> Task details: Copy the material below verbatim from the line with "View of Paddington Station in Central London" to the line with "SushiSwap Confirmed That", both lines included, omitting pictures and every line outside that range.

> Information:

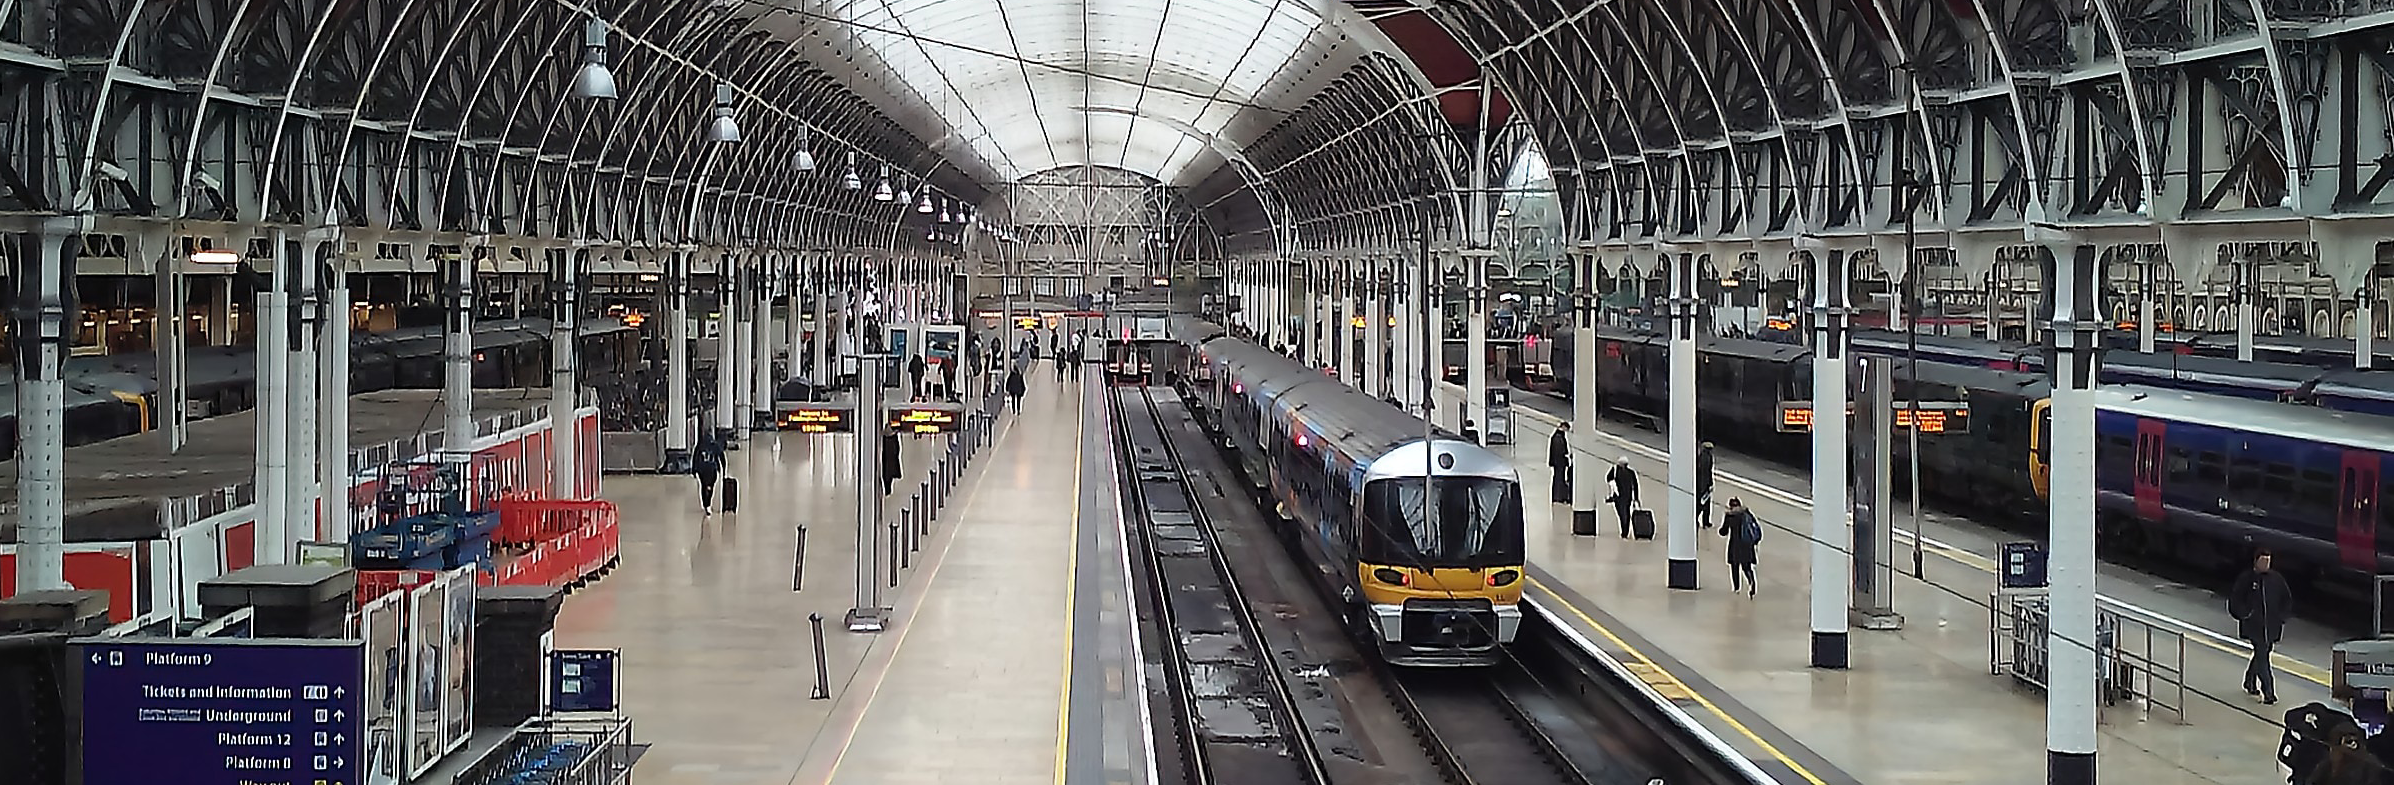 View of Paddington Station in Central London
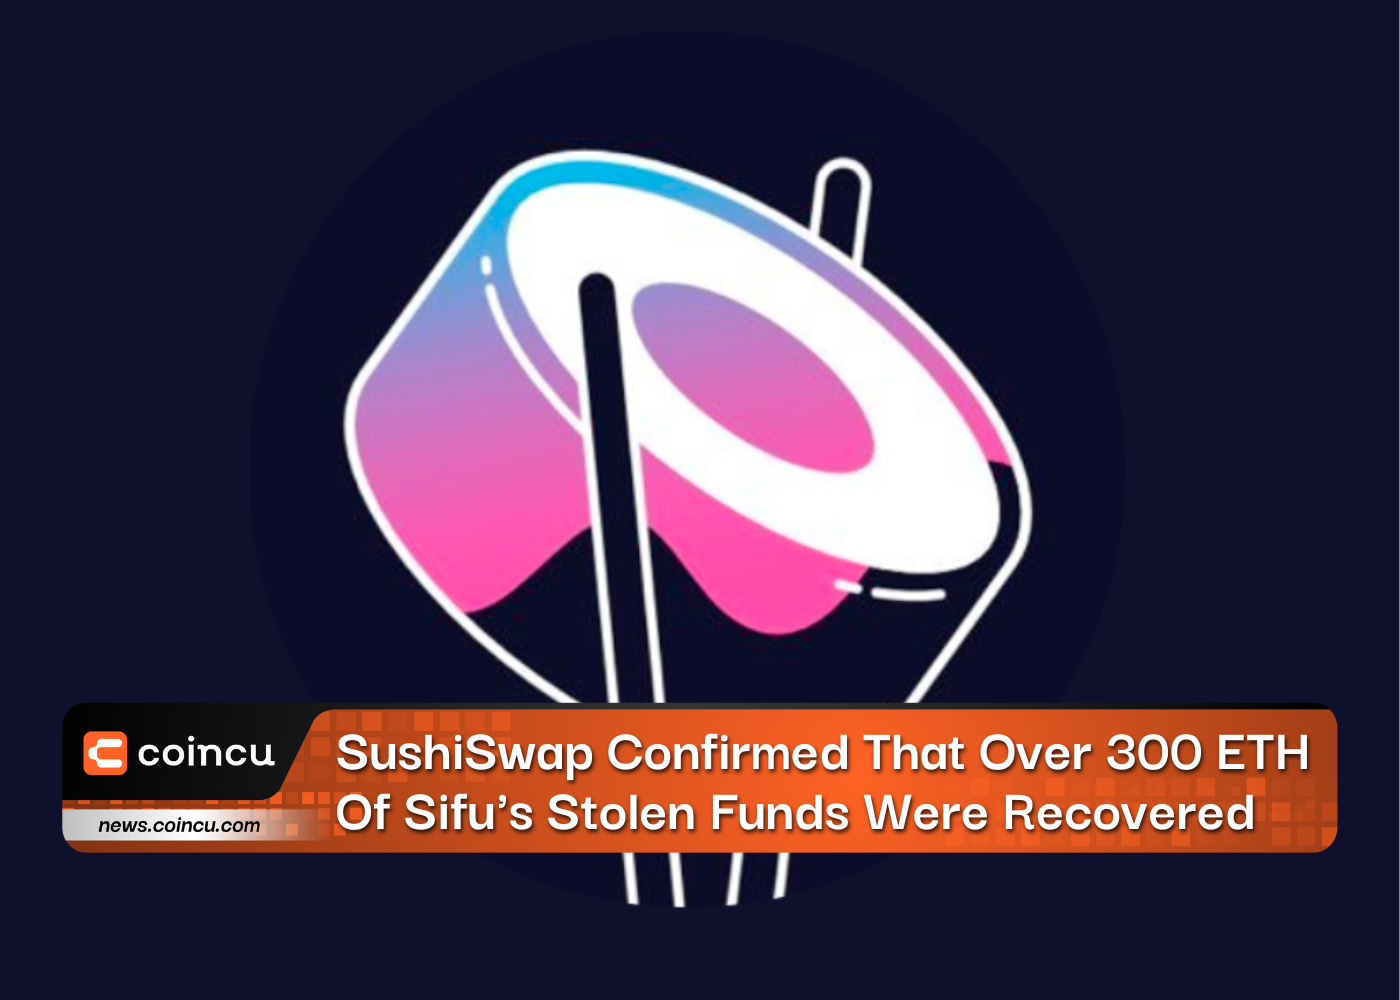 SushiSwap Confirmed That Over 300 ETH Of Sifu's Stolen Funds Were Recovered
---
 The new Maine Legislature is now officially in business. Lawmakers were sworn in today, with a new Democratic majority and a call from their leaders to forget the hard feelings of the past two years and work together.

> Response box:
 View of Paddington Station in Central London
 SushiSwap Confirmed That Over 300 ETH Of Sifu's Stolen Funds Were Recovered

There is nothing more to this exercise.